Decisão: ORDENAR A BAIXA DOS AUTOS AO TRIBUNAL DA RELAÇÃO.
Sumário :
Decisão Texto Integral:
Acordam no Supremo Tribunal de justiça:


Relatório.

"AA, instaurou contra BB e CC, acção com processo ordinário, pedindo:
a) se declarem nulos, por falta de forma, os empréstimos que identifica;
b) se condene os Réus, solidariamente, a pagarem ao Autor a quantia total de 14.860.297 escudos, com que enriqueceram o seu património, acrescida de juros de mora à taxa legal desde a citação.
Citados ambos os Réus ( a ré CC editalmente), nenhum contestou.
Saneado o processo, foram as partes notificadas nos termos do art. 512, nº 1 do CPC; arroladas testemunhas, não foi requerida a gravação da audiência final.
Na audiência final, e após a produção de prova, o Tribunal respondeu à matéria alegada na petição, conforme despacho de fls. 58 a 61.
A acção foi julgada improcedente na primeira instância, por não provados os empréstimos nem o enriquecimento sem causa, alegados na petição.
Recorreu o Autor de apelação para a Relação de Coimbra, que julgou o recurso improcedente e confirmou a sentença.

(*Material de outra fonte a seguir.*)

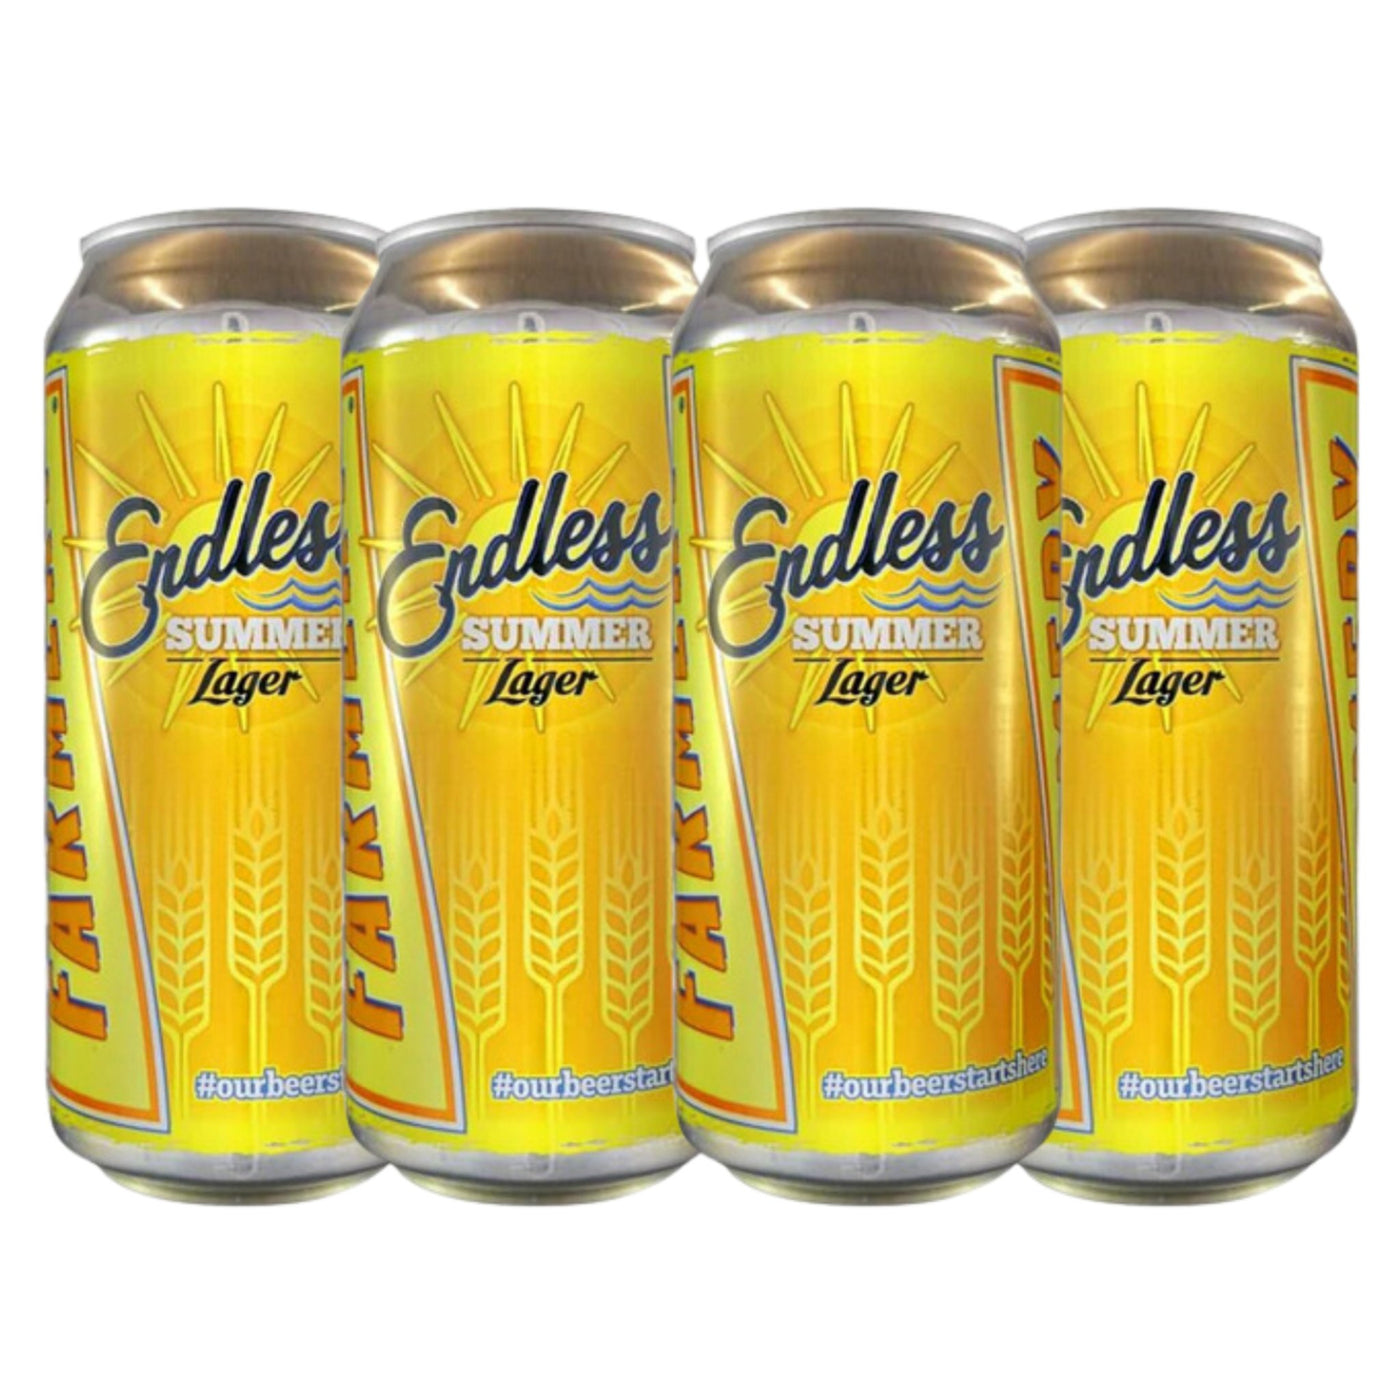 Endless Summer Lager - Farmery Estate Brewing Company Inc.-Core Beers

Recorre de novo o Autor, agora de revista, para este Supremo Tribunal.
Alegando, concluiu:
1) o acórdão recorrido é nulo porque indeferiu o recurso (apelação) em virtude de os depoimentos não terem sido gravados - quando o recurso não foi interposto com base em depoimentos gravados, mas sim com base nos depoimentos que se encontram nos autos e que foram fielmente transcritos pelo Sr. Juiz quando fundamentou as respostas à matéria de facto;
2) violou-se assim o disposto no art. 712, nº 1 do CPC, preceito que não limita a reapreciação da matéria de facto apenas quando há gravação de prova, mas também a permite nos casos em que do processo constam todos os elementos de prova que serviram de base à decisão sobre a matéria de facto.
3) Assim, por remissão do art. 718º do CPC, a referida decisão cai na previsão das alíneas c) e d) do nº 1 do art. 668º do CPC, sendo por isso nula.
4) Além disso, deve o recurso ser julgado procedente e condenados os Réus nos termos do pedido, porque, pela análise dos documentos juntos e do depoimento das testemunhas e os factos já dados por provados, devem ser considerados provados, também, os factos constantes dos nºs 2, 3, 4, 6, 7, 8, 9, 10, 11, 12, 13 e 14 da petição inicial, em consequência se concluindo que o Autor emprestou aos Réus, por contrato verbal, várias quantias em dinheiro, no montante do pedido.
5) O referido empréstimo deve ser declarado nulo, por vício de forma, e os Réus condenados a pagarem ao Autor a quantia referida;
6) ou, quando assim se não entenda, condenados a entregarem ao Autor a dita quantia, em consequência das normas relativas ao enriquecimento sem causa.
7) A sentença e o acórdão violaram os art.s 473º e 1142º do CC.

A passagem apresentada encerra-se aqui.